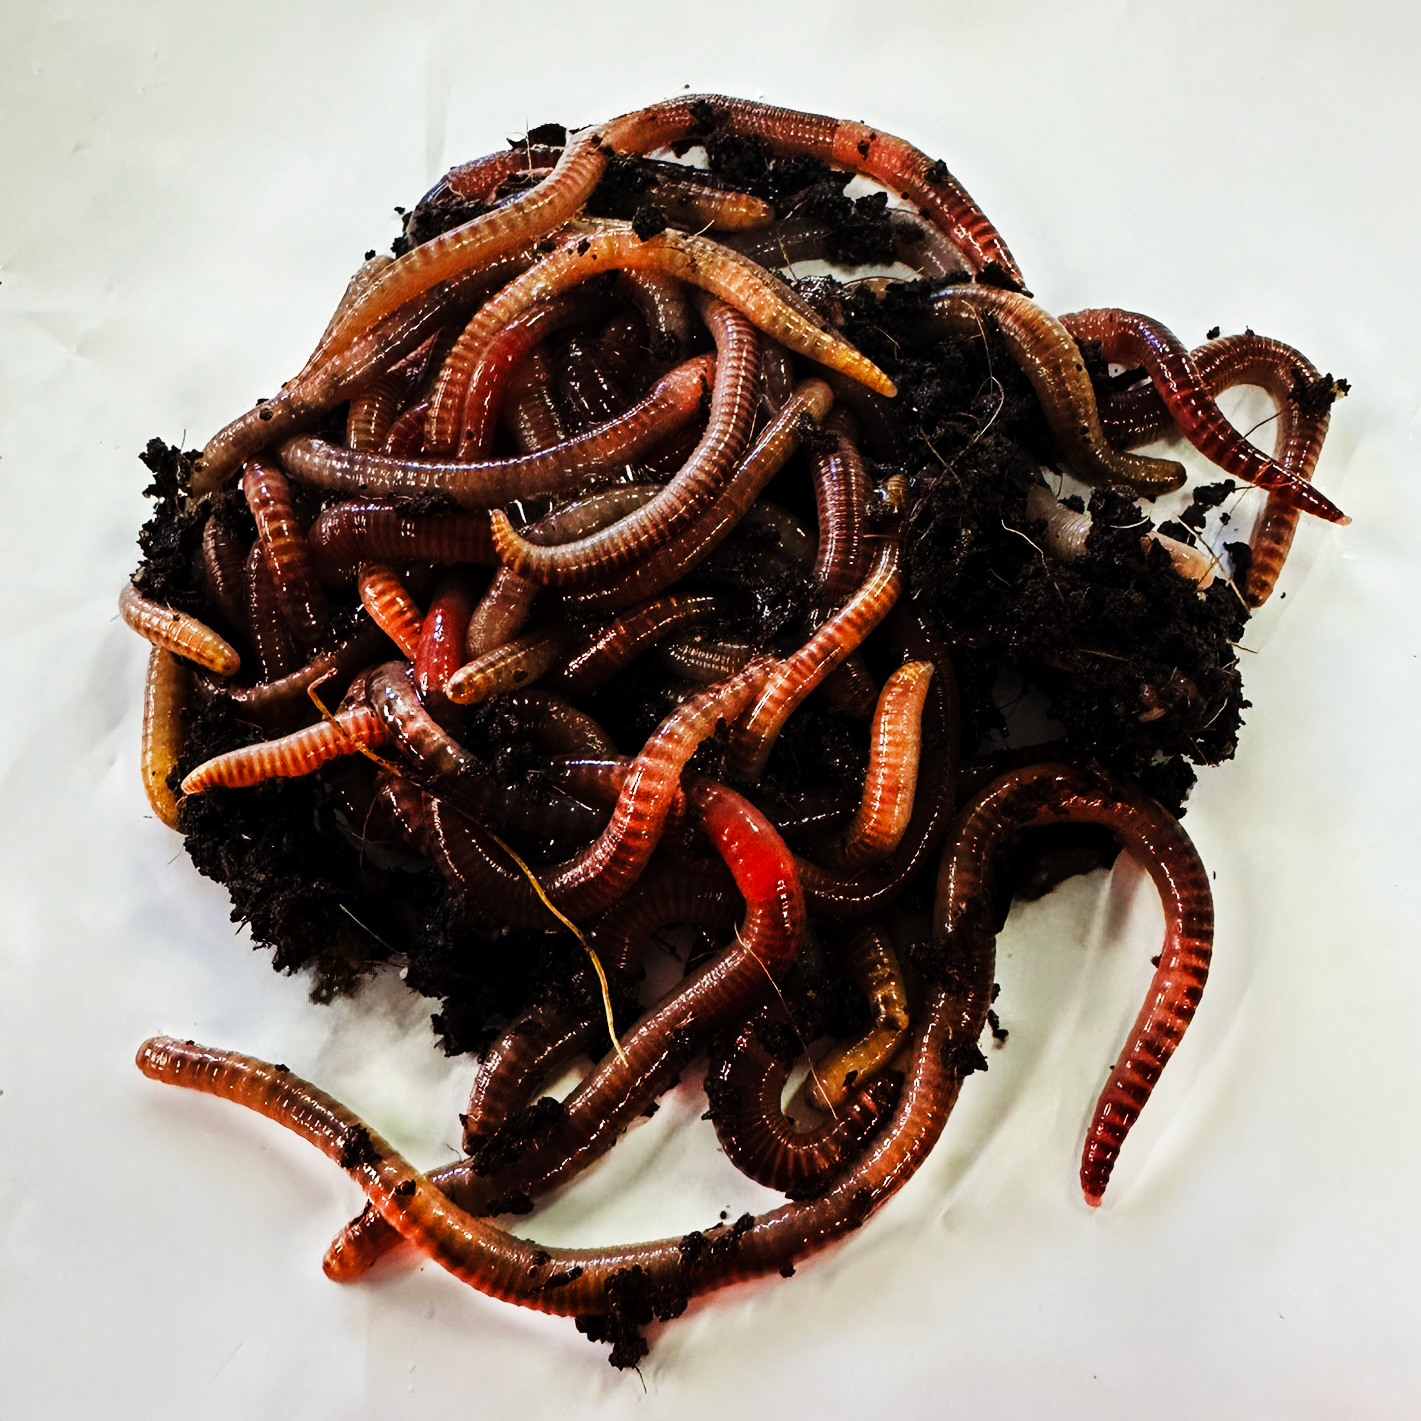 European Nightcrawlers – Trout Worms - Worm Wrangler
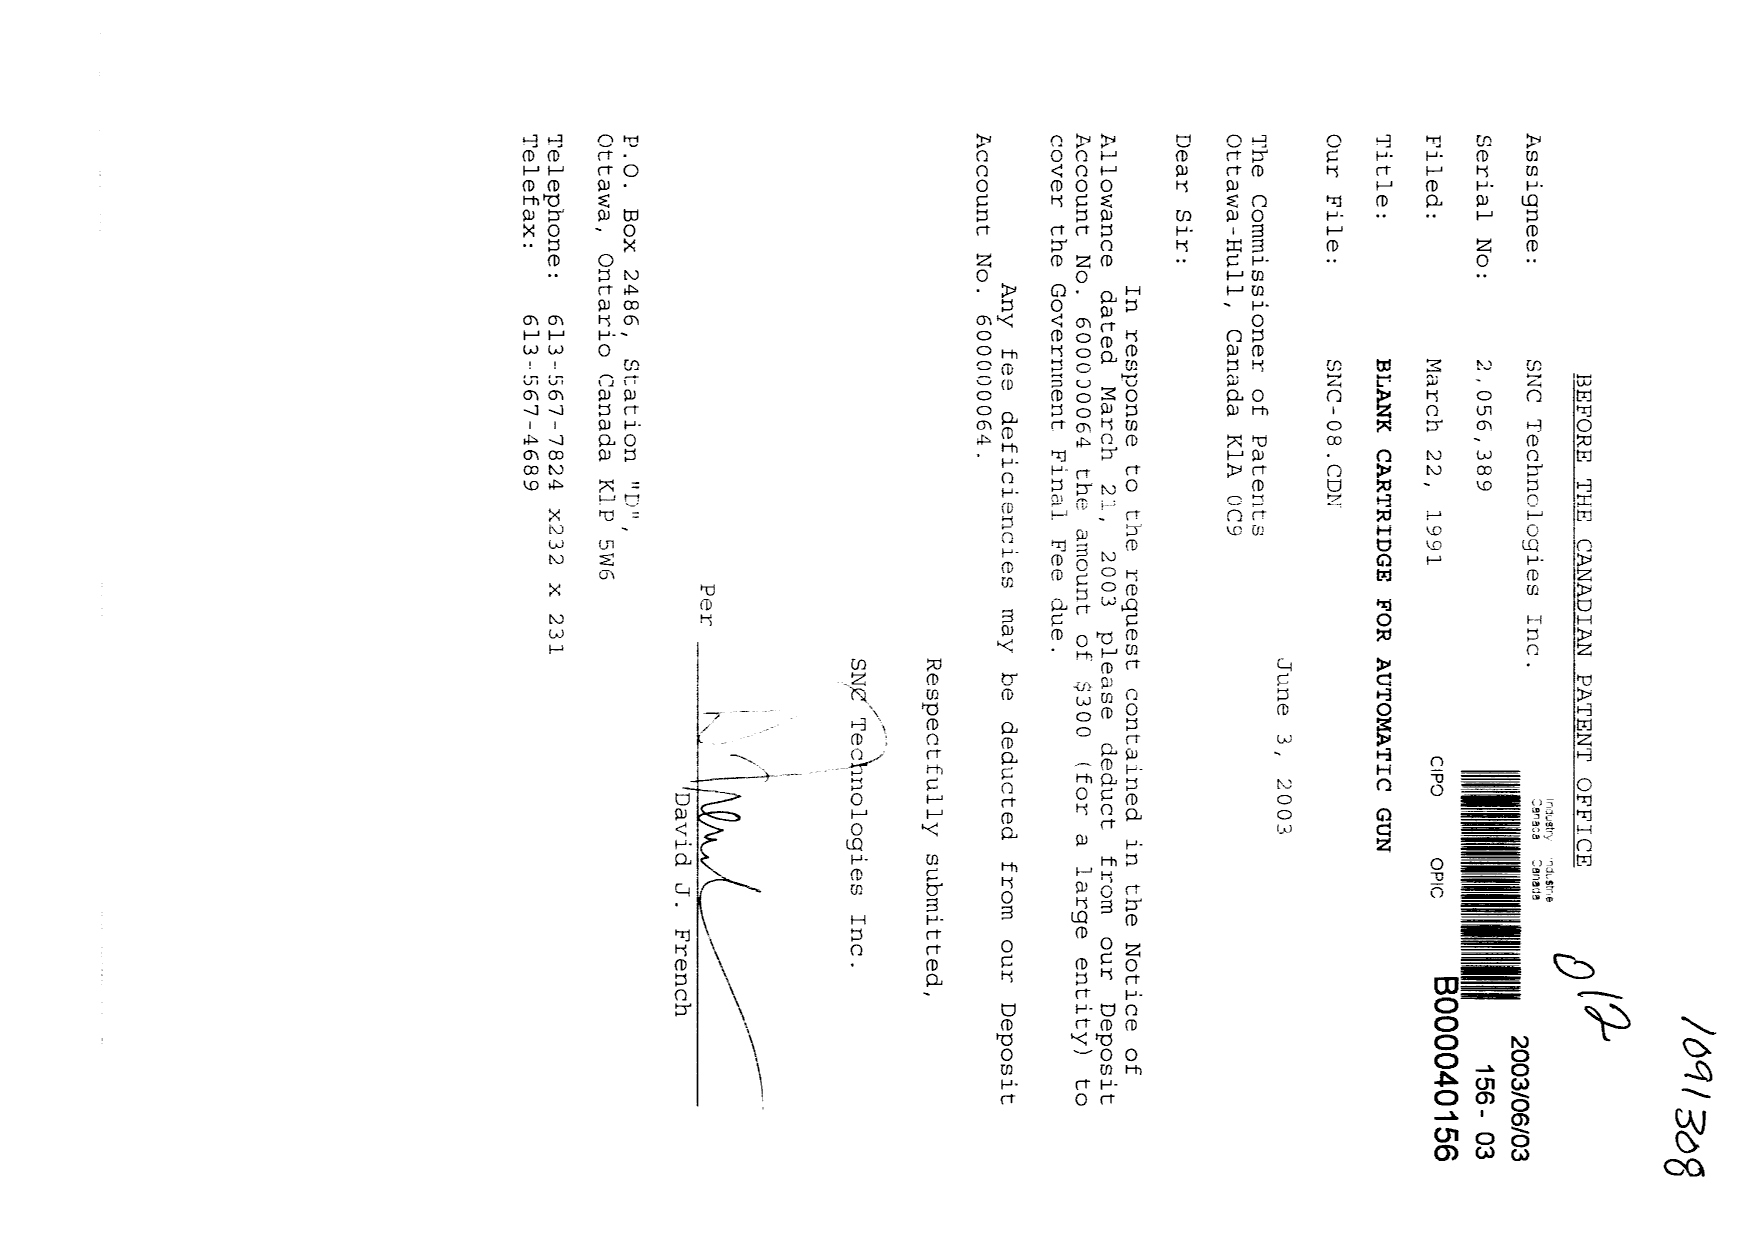 Canadian Patent Document 2056389. Correspondence 20030603. Image 1 of 1
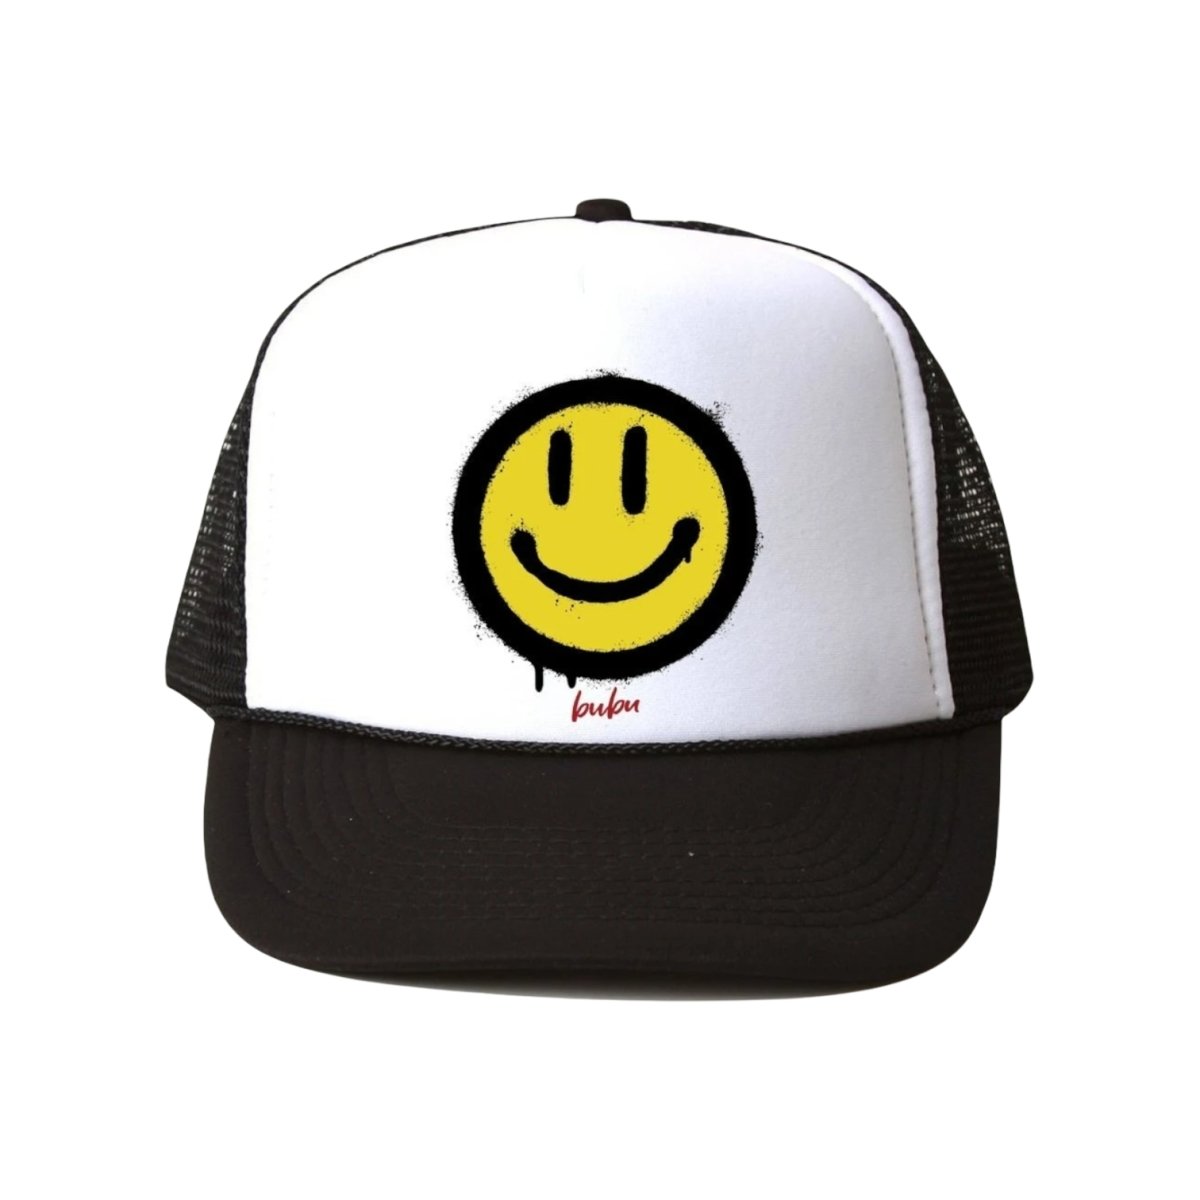 ALL SMILES TRUCKER HATS - HATS
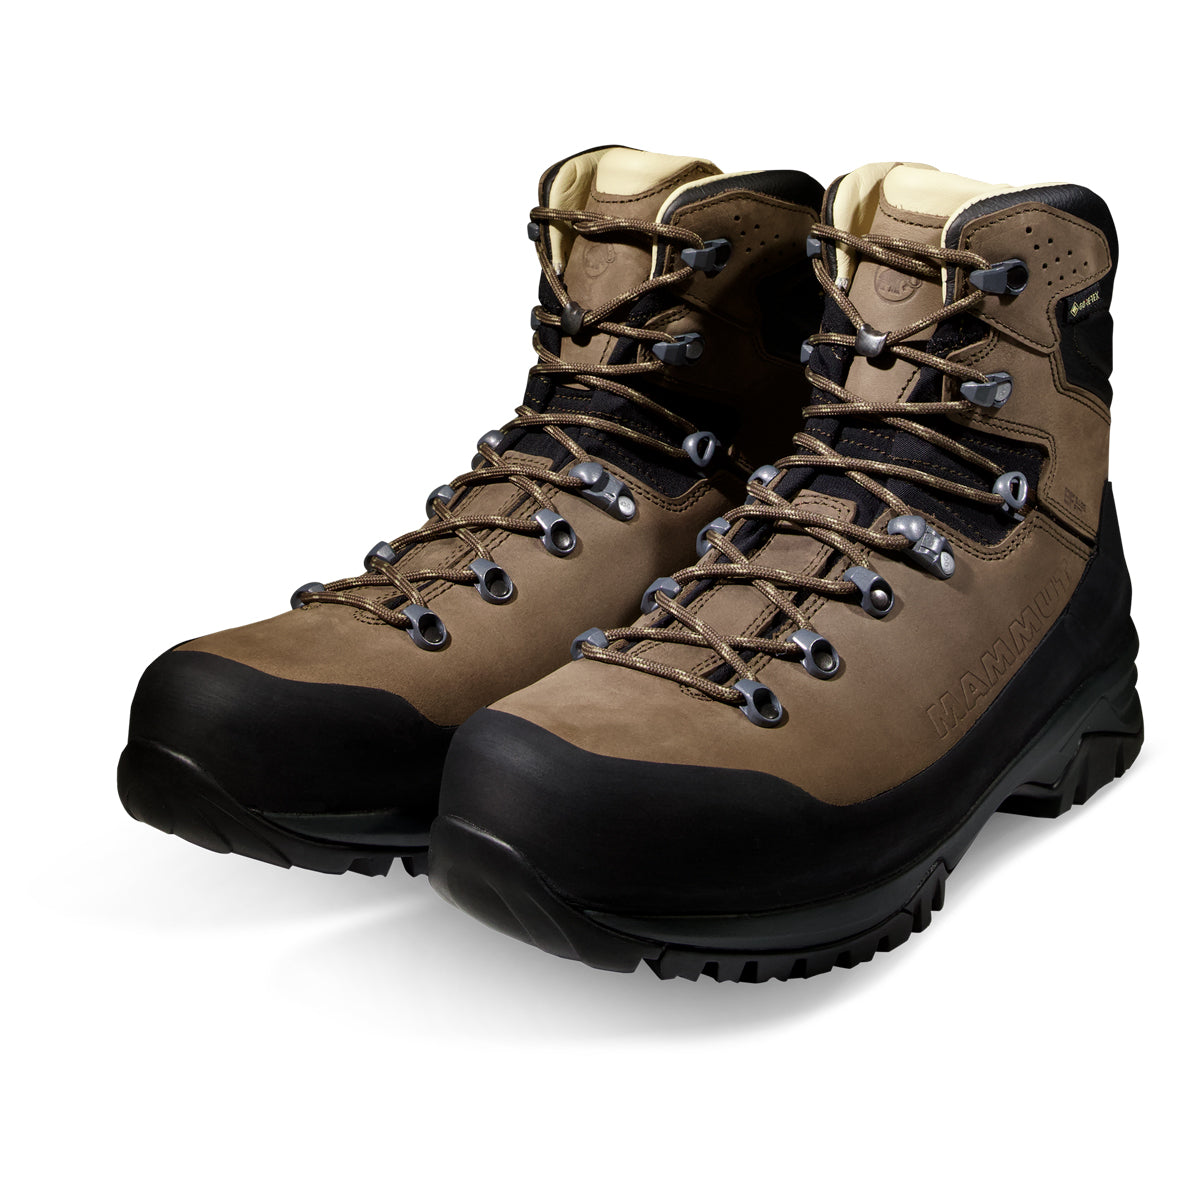 Mammut Trovat Guide High Gtx Men's Hiking Boot Review Hot Sale ...

▬▬▬▬▬▬

Give the listing again exactly, excluding pictures.

Output:
 European Nightcrawlers – Trout Worms - Worm Wrangler
 Canadian Patent Document 2056389. Correspondence 20030603. Image 1 of 1
 ALL SMILES TRUCKER HATS - HATS
 Mammut Trovat Guide High Gtx Men's Hiking Boot Review Hot Sale ...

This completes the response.